Why not take the idea of generative sound literally?
John Conway certainly set the standard during the early 1970s for taking the programming-as-organism metaphor at its word with his Rules of Life. That was his game-like system in which small cellular automaton expand into a pulsing pixelfield of what resemble living, if not breathing, digital beings, especially as they get more and more complex.
Conway's mix of visual play and algorithmic ingenuity informs Seaquence.org, which may just be the coolest non-iOS interactive audio-game (or sound toy) to appear in 2010.
Seaquence is a browser-based sequencer that looks like a petri dish. Or, the more you play with it, a petri dish that acts like a sequencer. You develop your own set of paramecium-ish creatures, each of which acts like a so-called "step sequencer." That means that it plays a sequence of notes that are notated in a grid-like pattern. Make one creature, toy with its musical DNA (affecting "waveform, octave, scale, melody, envelope, and volume," as the instruction explain), and then add others to see how they interact.
Seaquence is an original project from Gray Area Labs, created by the artist-developers Gabriel Dunne, Daniel Massey, and Ryan Alexander, with support from Gray Area Foundation for the Arts, an arts organization based in San Francisco's Tenderloin District. There's going to be a special GAFFTA event on New Year's Eve in San Francisco that will provide new members of the organization access to a special gaffta.org edition of Seaquence, as a kind of financial support mechanism for digital artists.

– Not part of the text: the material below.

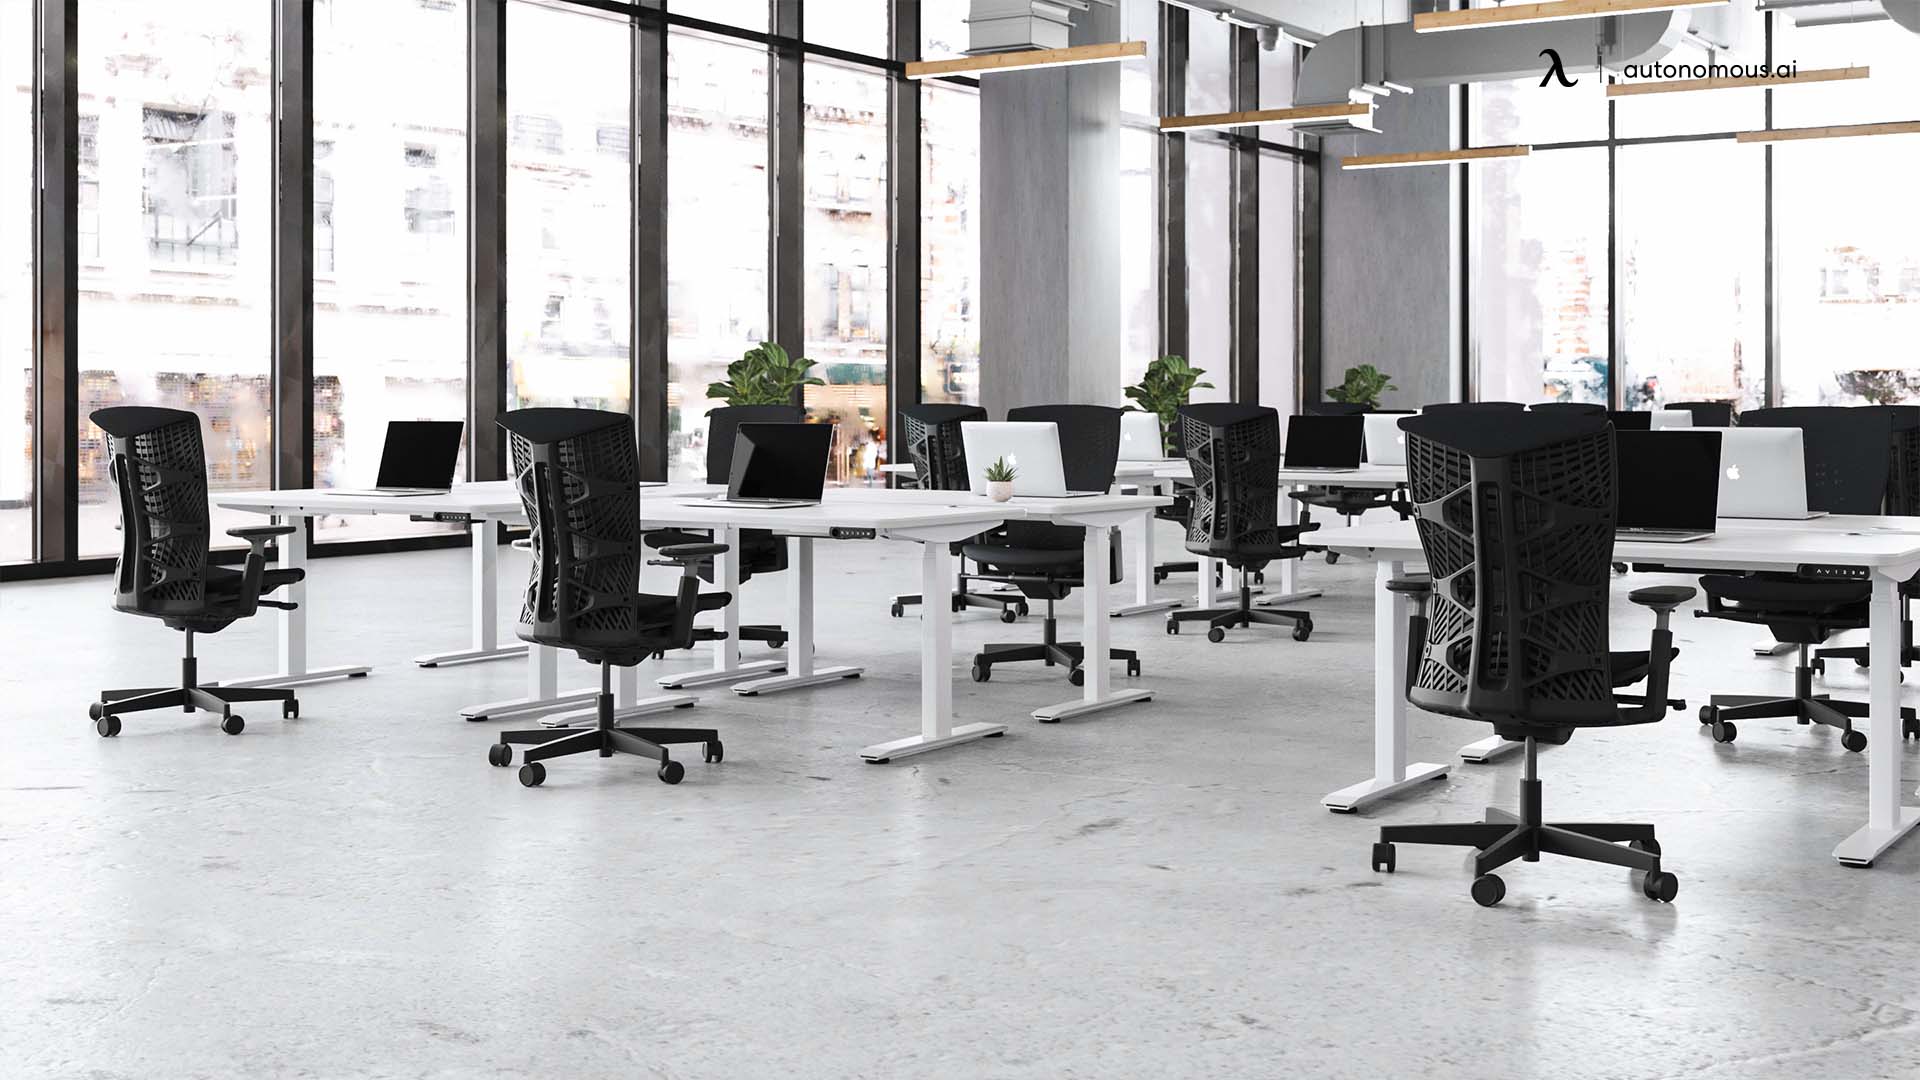 Benefits of Buying an Office Chair in Bulk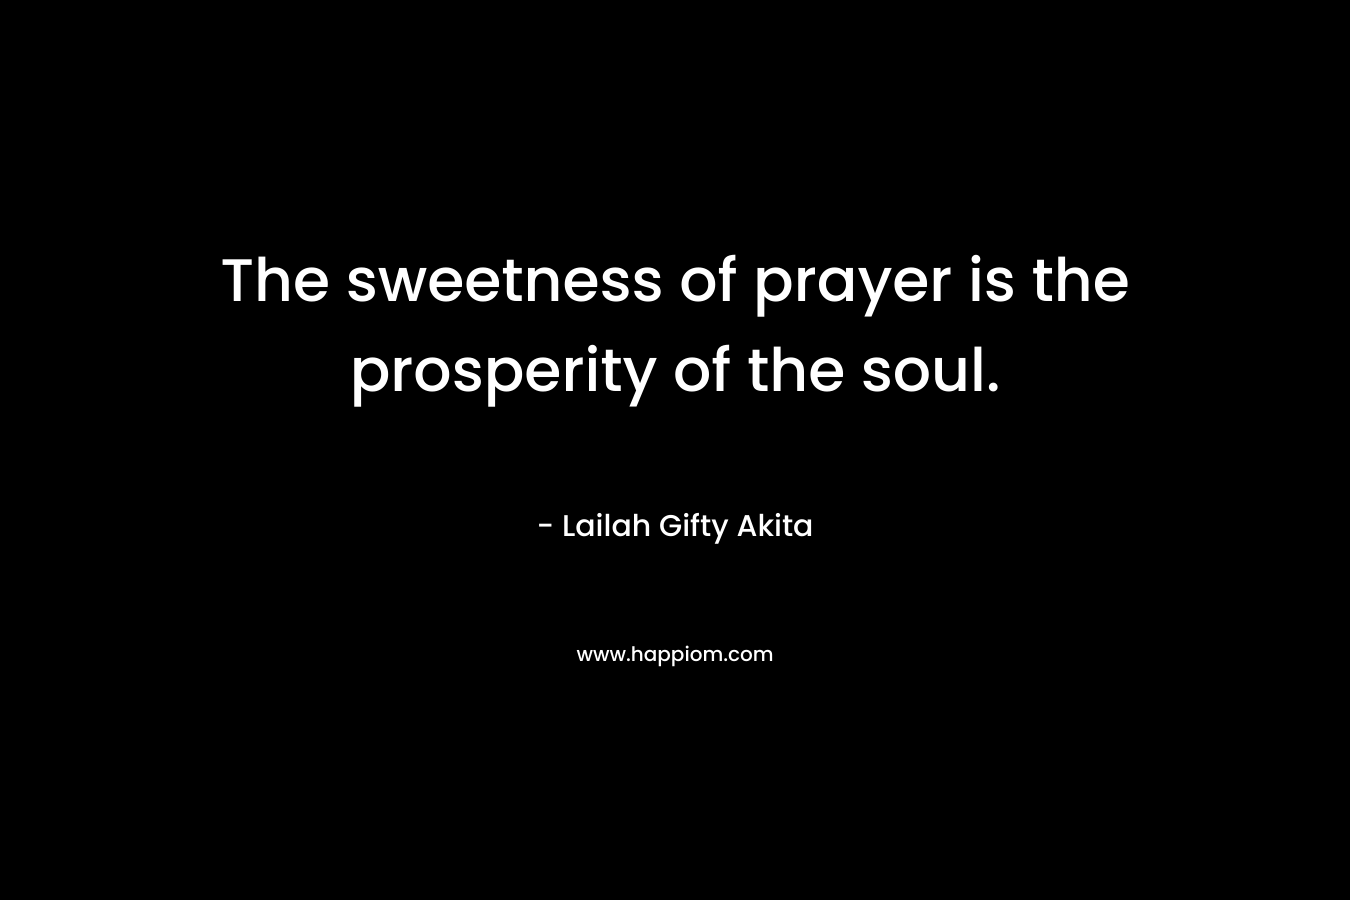 The sweetness of prayer is the prosperity of the soul.

Seaquence will, however, its developers assured me, always be free. I've been interviewing one of the Seaquence developers for a series of articles about interactive sound apps. Asked about upcoming Seaquence improvements, Dunne provided a glimpse of what's next: "Some of the more obvious additions will be the ability to control the tempo and effects. We also plan to introduce user accounts with the ability to save your work under your name and favorite seaquences you like. We're building up to a larger concept of an explorable ecosystem, and consider the project perpetually in progress."